Conflict of Interest Disclosure:

The authors have declared no conflict of interest.

Figures

Figure 1
Figure 1. Example of the noninvasive 3D-localized 31P MRS exam from a target tumor mass of a DLBCL patient
Top, T1-weighted Spin-Echo MR images acquired in the three orthogonal orientations from the right inguinal area of a newly diagnosed DLBCL patient are shown. In the images a tumor mass of approximately 32–35 millimeters in each diameter is shown (white arrows). Each image is overlaid with a grid representing the projection of the 3-dimensional acquisition matrix of voxels where 31P spectral signals were localized. Shaded in grey are the 2D projections of a voxel that was included in the tumor mass. Bottom, The 31P spectrum of the voxel highlighted in the images is shown with corresponding peak assignments (PE, phosphoethanolamine; PC, phosphocreatine; Pi, inorganic phosphate; PDE, the phosphodiester region; PCr, location of the phosphocreatine signal [not present in the tumor spectrum but prominent in the spectra of surrounding muscle; and NTP, the α, β, and γ phosphates of nucleoside triphosphates).
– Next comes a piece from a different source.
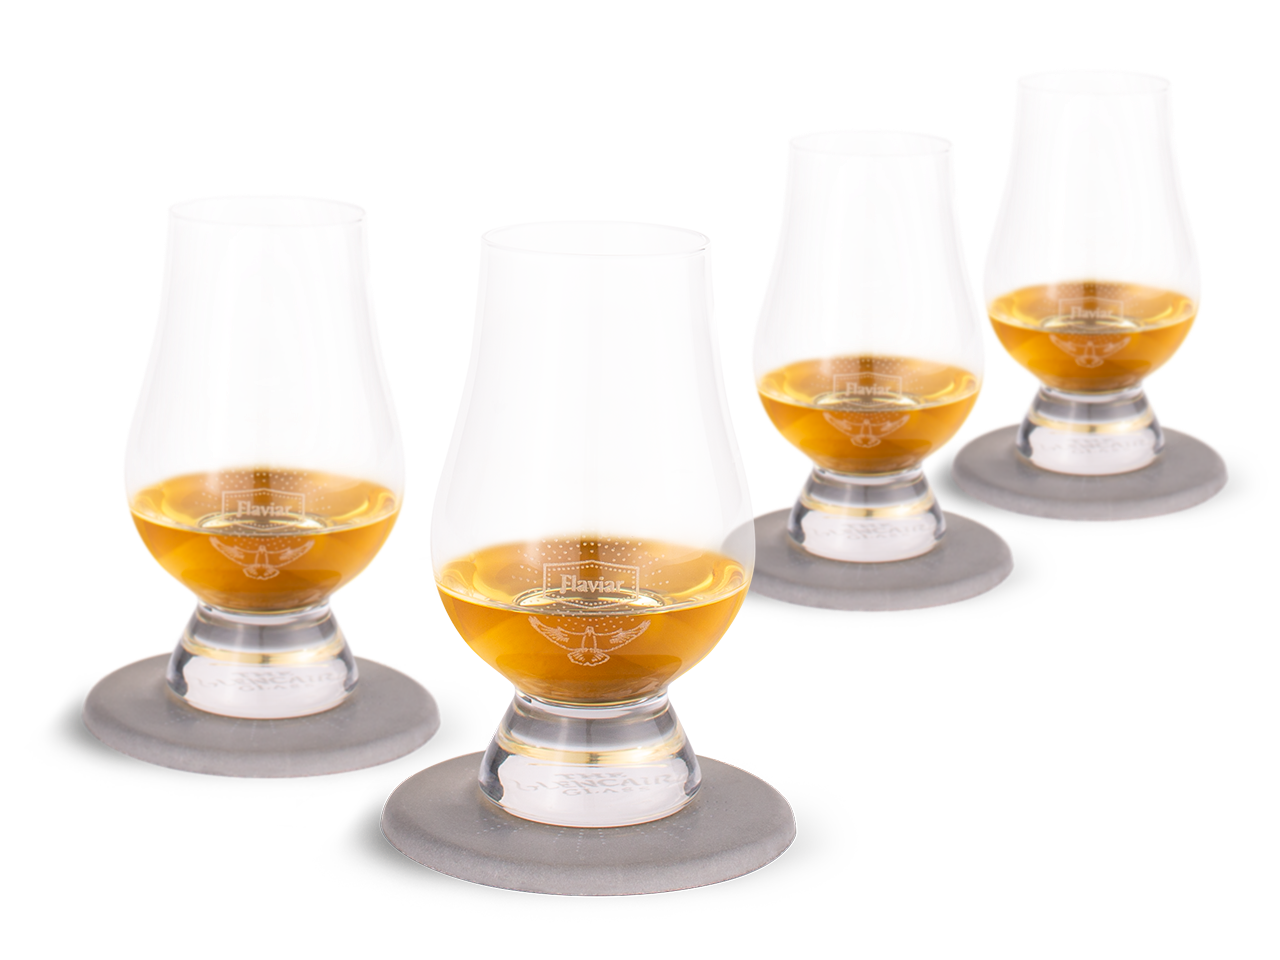 4 Flaviar Whisky Glasses & Coasters

The sum of the phosphomonoester (PME) signals phosphoethanolamine (PE) and phosphocholine (PC) and the triplet of the Pβ of NTP (highlighted in red in the spectrum) were integrated to obtain the tumor PME/NTP value.
FIGURE 2
FIGURE 2. Kaplan-Meier curves modeling the Time to Treatment Failure (TTF) of DLBCL patients segregated by the pretreatment PME/NTP tumor value obtained noninvasively by 31P MR spectroscopy
Survival curves of the DLBCL patients set apart by the PME/NTP cutoff that maximized the comparative relative risk to fail treatment (cutoff at 2.2). The blue survival curve belongs to the group below the cutoff while the green survival curve belongs to the group above it with circles corresponding to censor points in both curves. The statistical difference of the survival function curves determined by the Tarone-Ware was highly significant (p < 0.00001) with a comparative relative risk to fail treatment of 8.66.